[llvm] [MemCpyOpt] Merge memset and skip unrelated clobber in one scan (PR #90350)

Mon Apr 29 22:23:24 PDT 2024

================
@@ -350,157 +434,157 @@ static void combineAAMetadata(Instruction *ReplInst, Instruction *I) {
   combineMetadata(ReplInst, I, KnownIDs, true);
 }
 
+static bool isCandidateToMergeIntoMemset(Instruction *I, const DataLayout &DL,
+                                         Value *&ByteVal) {
+
+  if (auto *SI = dyn_cast<StoreInst>(I)) {
+    Value *StoredVal = SI->getValueOperand();
+
+    // Avoid merging nontemporal stores since the resulting
+    // memcpy/memset would not be able to preserve the nontemporal hint.

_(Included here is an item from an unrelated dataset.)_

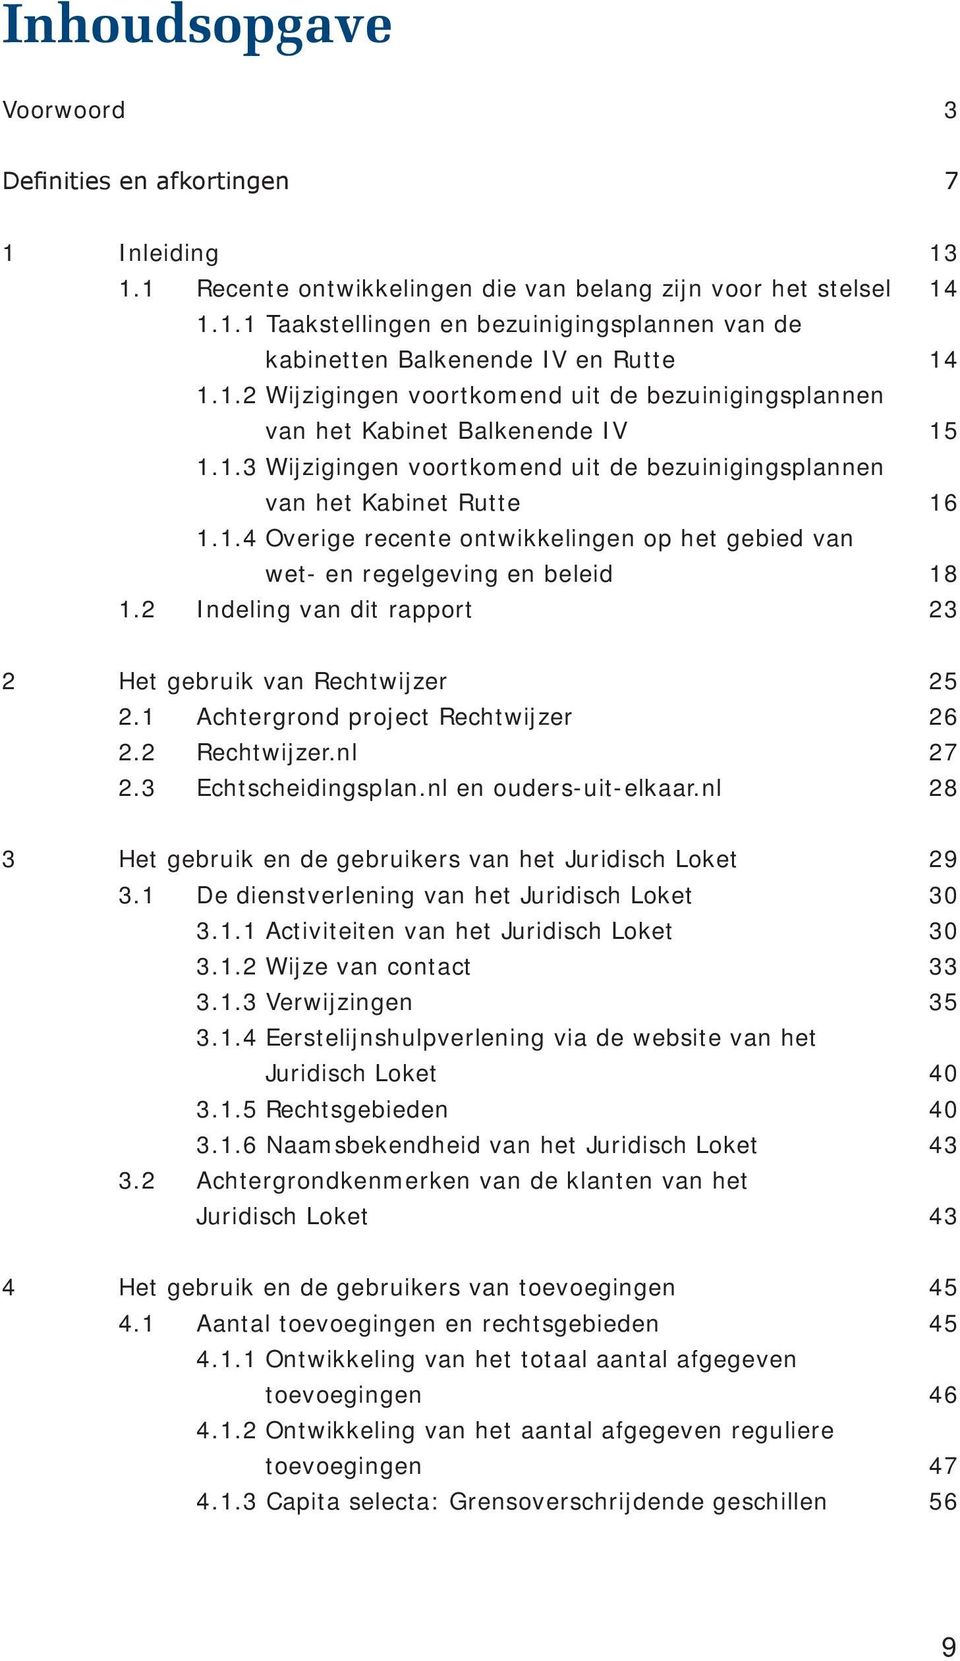 2 Indeling van dit rapport 23 2 Het gebruik van Rechtwijzer 25 2.1 Achtergrond project Rechtwijzer 26 2.2 Rechtwijzer.nl 27 2.3 Echtscheidingsplan.nl en ouders-uit-elkaar.

+    if (SI->getMetadata(LLVMContext::MD_nontemporal))
+      return false;
+    // Don't convert stores of non-integral pointer types to memsets (which
+    // stores integers).
+    if (DL.isNonIntegralPointerType(StoredVal->getType()->getScalarType()))
+      return false;
+
+    // We can't track ranges involving scalable types.
+    if (DL.getTypeStoreSize(StoredVal->getType()).isScalable())
+      return false;
+
+    ByteVal = isBytewiseValue(StoredVal, DL);
+    if (!ByteVal)
+      return false;
+
+    return true;
+  }
+
+  if (auto *MSI = dyn_cast<MemSetInst>(I)) {
+    if (!isa<ConstantInt>(MSI->getLength()))
+      return false;
+
+    ByteVal = MSI->getValue();
+    return true;
+  }
+
+  return false;
+}
+
+static Value *getWrittenPtr(Instruction *I) {
+  if (auto *SI = dyn_cast<StoreInst>(I))
+    return SI->getPointerOperand();
+  if (auto *MSI = dyn_cast<MemSetInst>(I))
+    return MSI->getDest();
+  static_assert("Only support store and memset");
+  return nullptr;
+}
+
 /// When scanning forward over instructions, we look for some other patterns to
 /// fold away. In particular, this looks for stores to neighboring locations of
 /// memory. If it sees enough consecutive ones, it attempts to merge them
 /// together into a memcpy/memset.
-Instruction *MemCpyOptPass::tryMergingIntoMemset(Instruction *StartInst,
-                                                 Value *StartPtr,
-                                                 Value *ByteVal) {
-  const DataLayout &DL = StartInst->getModule()->getDataLayout();
+bool MemCpyOptPass::tryMergingIntoMemset(BasicBlock *BB) {
+  MapVector<Value *, MemsetRanges> ObjToRanges;
+  const DataLayout &DL = BB->getModule()->getDataLayout();
+  MemoryUseOrDef *MemInsertPoint = nullptr;
+  BatchAAResults BAA(*AA);
+  bool MadeChanged = false;
 
-  // We can't track scalable types
-  if (auto *SI = dyn_cast<StoreInst>(StartInst))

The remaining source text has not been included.